Judging from the terminator position on the wrinkle ridge in the lower left it may have been taken around 01 UT on Jan 5 (10 am JST?). The foreground craters are evidently Marius N, M and L with a tiny bit of Marius Q along the right margin, and a fragment of Rima Marius on the left. This region was previously imaged obliquely from the north (with opposite lighting) by the Metric Camera on Apollo 15 (series of frames around AS15-M-2612, where it is quite close to the horizon). Arizona State University should soon be releasing high resolution scans of those (as of March 1 they were up to AS15-M-2173).

Since we are so accustomed to looking at overhead views, readers may enjoy comparing this to the high resolution scans of Lunar Orbiter IV-157H. The arrowhead shaped depression near the middle of the Kaguya image (54.6W/15.0N on the Moon) is easy to spot in both. From there one can work over to the three peaks atop the flow (which, to me, look similar to most other peaks in the area).

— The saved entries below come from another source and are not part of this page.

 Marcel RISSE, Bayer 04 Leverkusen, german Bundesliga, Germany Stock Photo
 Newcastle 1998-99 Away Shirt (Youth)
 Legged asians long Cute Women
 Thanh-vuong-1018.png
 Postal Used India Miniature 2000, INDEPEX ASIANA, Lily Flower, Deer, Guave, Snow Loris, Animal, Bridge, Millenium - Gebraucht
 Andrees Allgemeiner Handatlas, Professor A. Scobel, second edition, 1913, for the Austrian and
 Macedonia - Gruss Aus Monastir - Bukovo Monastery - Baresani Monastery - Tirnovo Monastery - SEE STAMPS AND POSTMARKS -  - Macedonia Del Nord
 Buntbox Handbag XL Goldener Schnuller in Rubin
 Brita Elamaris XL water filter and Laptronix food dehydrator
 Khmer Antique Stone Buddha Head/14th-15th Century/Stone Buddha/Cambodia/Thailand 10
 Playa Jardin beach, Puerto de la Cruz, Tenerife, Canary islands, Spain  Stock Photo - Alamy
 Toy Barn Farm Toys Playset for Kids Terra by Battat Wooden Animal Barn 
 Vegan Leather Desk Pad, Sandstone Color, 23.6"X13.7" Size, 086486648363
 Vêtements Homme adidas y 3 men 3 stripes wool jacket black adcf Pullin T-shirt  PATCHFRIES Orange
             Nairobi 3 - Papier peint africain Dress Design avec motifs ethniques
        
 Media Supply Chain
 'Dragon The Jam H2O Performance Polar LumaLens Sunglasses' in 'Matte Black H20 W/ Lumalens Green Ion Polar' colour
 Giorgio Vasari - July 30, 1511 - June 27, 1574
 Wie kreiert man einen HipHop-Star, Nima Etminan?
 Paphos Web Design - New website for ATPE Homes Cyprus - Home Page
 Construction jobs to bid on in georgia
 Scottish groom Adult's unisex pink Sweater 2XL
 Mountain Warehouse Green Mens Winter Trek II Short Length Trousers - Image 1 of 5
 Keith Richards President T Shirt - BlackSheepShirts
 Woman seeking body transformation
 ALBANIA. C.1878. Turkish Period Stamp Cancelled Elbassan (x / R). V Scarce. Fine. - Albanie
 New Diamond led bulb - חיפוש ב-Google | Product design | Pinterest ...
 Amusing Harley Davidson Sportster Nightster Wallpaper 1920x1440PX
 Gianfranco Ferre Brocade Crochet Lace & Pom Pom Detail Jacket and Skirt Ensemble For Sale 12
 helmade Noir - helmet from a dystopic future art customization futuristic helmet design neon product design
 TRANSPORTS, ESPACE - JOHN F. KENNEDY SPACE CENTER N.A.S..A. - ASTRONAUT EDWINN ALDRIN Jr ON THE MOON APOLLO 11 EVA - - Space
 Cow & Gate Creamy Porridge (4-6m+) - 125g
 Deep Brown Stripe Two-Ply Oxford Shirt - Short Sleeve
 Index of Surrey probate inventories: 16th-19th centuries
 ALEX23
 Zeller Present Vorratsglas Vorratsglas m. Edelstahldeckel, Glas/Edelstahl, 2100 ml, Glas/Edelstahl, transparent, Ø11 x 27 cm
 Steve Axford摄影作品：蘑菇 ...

And working in the other direction, try to locate the famous (but unnamed) sperm-looking rilles to the SW of the arrowhead in the Kaguya image. With the Lunar Orbiter "map" as a guide, it's not hard to find them in the HDTV shot, but I don't think I would have known what they were. Rima Galilaei is out there too. Finally, working south from the arrowhead, one can see where the bright dustings of Reiner Gamma should be (did the spacecraft pass over them a little earlier?), and try to guess what that bright streak on the southern limb is. It must be much more clear from the video, but I'm assuming it's Reiner, casting its sunset shadow to the left, with maybe little Reiner L (highly foreshortened) on its flank?

The difference in appearances looking vertically versus from an oblique angle is certainly striking here!

-- Jim

(3) Bill and Jim
The HDTV has, I believe, and automatic light meter adjustment - it must have thought this was the right exposure, and it looks good on my laptop.

The Kaguya website is designed for artistic sensibility rather than effectiveness. For example, I saw this video at Houston - that is why I know the space craft was flying N to S, but it is too difficult to find it on the Kaguya video page - I wish they would provide a few words of areas depicted on each video!

I tried to stress in a previous LPOD and to Kaguya folks that there is great scientific value in the HDTV images. I hope they are ultimately made available for full study.